Texarkana Gazette

New energy exhibit set to open in November

- By Kim McGuire

HOUSTON—As the elevator doors open on the fourth floor of Houston Museum of Natural Science, a giant hunk of metal rotates around a pipe, much like a wrench would tighten around a bolt. There's a "whoosh" as machinery turns.

The Houston Chronicle reports the "iron roughneck," as it's known, is a state-of-theart piece of machinery used on offshore drilling rigs, and it's the first thing visitors see when they arrive at the museum's fourth floor and step into the newly retooled Wiess Energy Hall.

The rig is a replica. But Paul Bernhardt wants visitors to see it and imagine they are hundreds of miles off the coast of Texas, standing on a platform anchored to the ocean floor.

"It was tricky, even with some of the connection­s we have in the energy industry, but we were able to get a couple of team members out on a real rig in the Gulf because we want to be able to recreate an experience for our visitors that few people get to have," said Bernhardt, the consultant hired by the museum to design and build the new space.

The rig is just one of several new exhibits in what museum staff have dubbed "Wiess Energy Hall 3.0." Because the constructi­on has occurred out of public view, not all museum visitors are aware the $40 million project is unfolding above them.

The hall is set to open to the public in November and will quadruple the space reserved for Wiess and represents an exciting—and rare—opportunit­y for the museum to design a permanent exhibit hall from the ground up.

Museum officials concede the former Wiess Hall had grown a bit tired in recent years. It was last updated in 2004, long before the shale boom and long before renewable energy obtained the foothold that it currently has in the market.

"We had given the former hall a couple tune-ups in the past, but the mandate from the board is not only does the scientific content within each exhibit have to be the latest and greatest, but the technology we use to present those exhibits has to be state of the art," said Joel Bartsch, the museum's president. "And that's what we've done with the new Wiess Hall."

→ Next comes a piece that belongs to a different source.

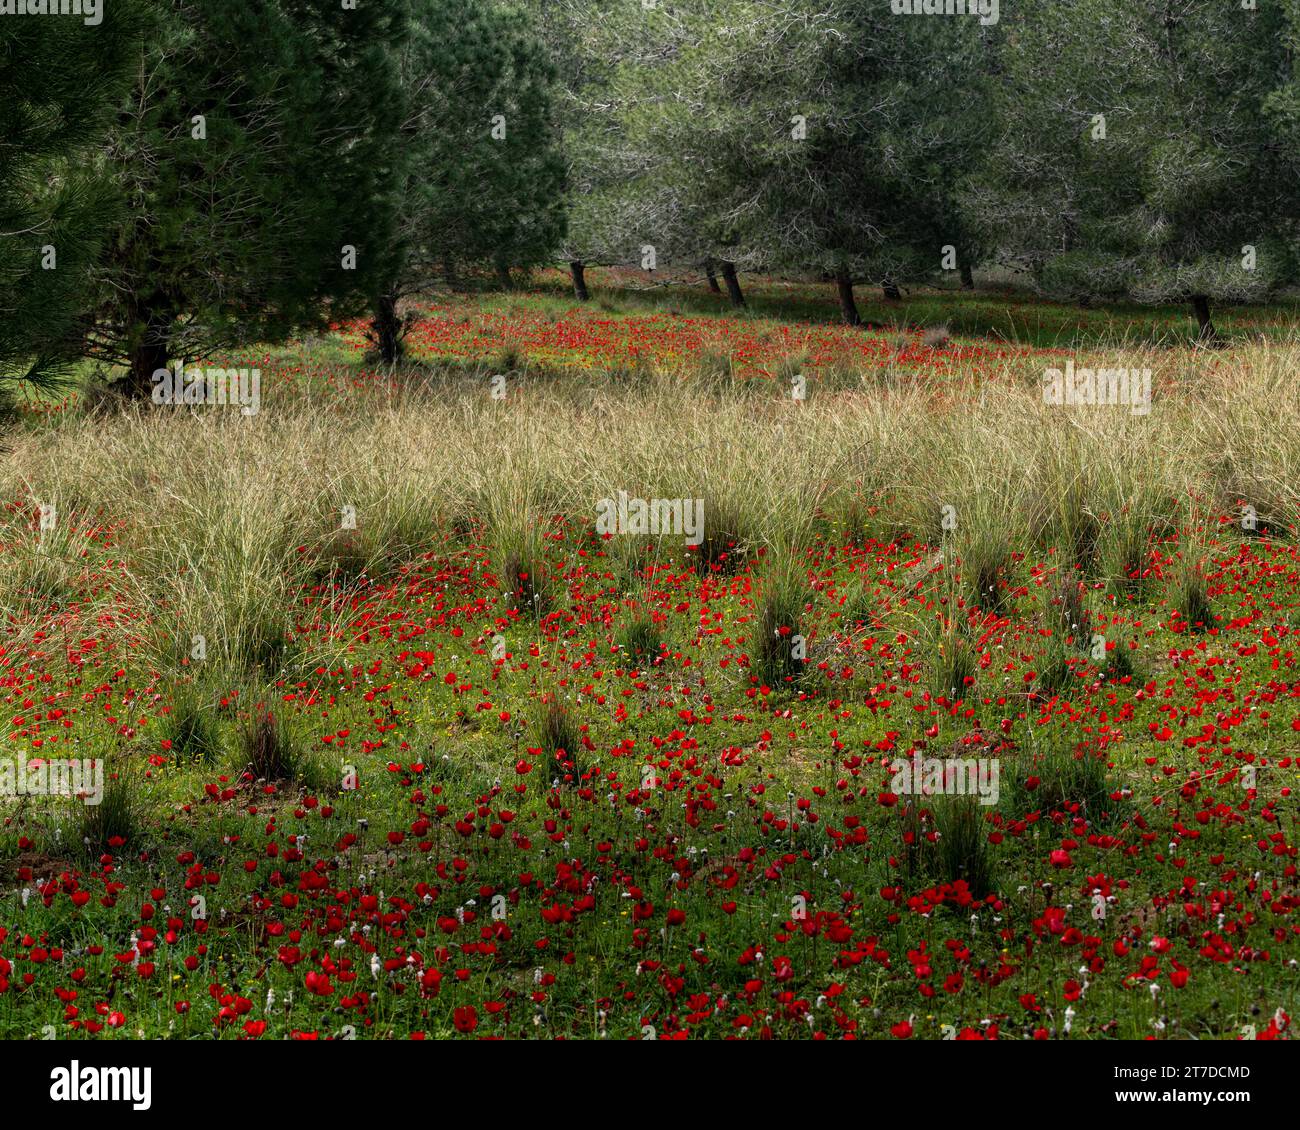 A field of red, spring anemone wildflowers on he outskirts of an evergreen forest in southern Israel. Stock Photo

The project was funded as part of a capital campaign launched in 2012 exclusivel­y with the intent of updating Wiess Hall, which was one of the early anchors of the museum when it opened at its current location in 1969. Some of the early iterations of Wiess consisted largely of models of oil derricks, displays of geologic cross sections and pieces of equipment that were so old, many people forgot how they were once used.

Wiess 3.0 is a different story. Not only will it explain the science behind various sources of energy, it will capitalize on new museum display technology, such as touch-screens, high-quality video resolution, and better LED lighting.

While the old hall told the story of energy from "Big Bang to burner tip," Wiess 3.0 will tell an even broader story, meticulous­ly delving into geological processes, discovery, exploratio­n and use of hydrocarbo­ns and renewable forms of energy, such as wind, solar and geothermal.

"Renewables are front and center," said Jeff Poss, the museum's vice president of exhibits and facilities. "They're not hidden in the back."

The team of animators, designers and engineers has gone to great lengths to make sure every detail is painstakin­gly true to life, consulting with local experts so that everything is accurate, from the color of basalt to the way sedimentar­y rock is layered.

"Trust me, when you're trying to recreate a rock formation in a town that's full of geologists, you better get it right," Bartsch said.

While some of the Wiess exhibits got a makeover, others are brand new.

Such is the case with the "EFX 3000," otherwise known as the Eagle Ford Shale Experience.

The moving theater—don't call it a ride—will simulate a trip to the South Texas field and down into the bore hole of an oil well. It's a bit of a time machine and drilling adventure wrapped into one experience.

"We take the science and education piece of it very seriously, but we have to make it fun and find a way to spark people's imaginatio­n and hope that they want to learn more after they leave the museum," Bartsch said. "It's all incredibly cool."

Also new is "Energy City" a 2,500-square-foot, 3-D landscape representi­ng Houston, the surroundin­g Gulf coastal waters, and the terrain of southeast Texas.

The milk-white model city is eye-catching. But the magic really happens when the museum staffers turn on a series of projectors that cast images on the models, simulating windows on buildings, turning day to night, and making cars and trains "move" throughout the city.

To come up with the concept, the museum's consultant­s visited the Minautur Wunderland in Hamburg, Germany, for inspiratio­n, but the end result far exceeds similar museum exhibits because of the quality of the 3-D projection, Poss said.

In designing the new hall, Bernhardt and his team visited museums around the country, scouting other energy exhibits. There seems to be one key difference between those and Wiess 3.0., he said.

"This is bigger and better. There's no question about it."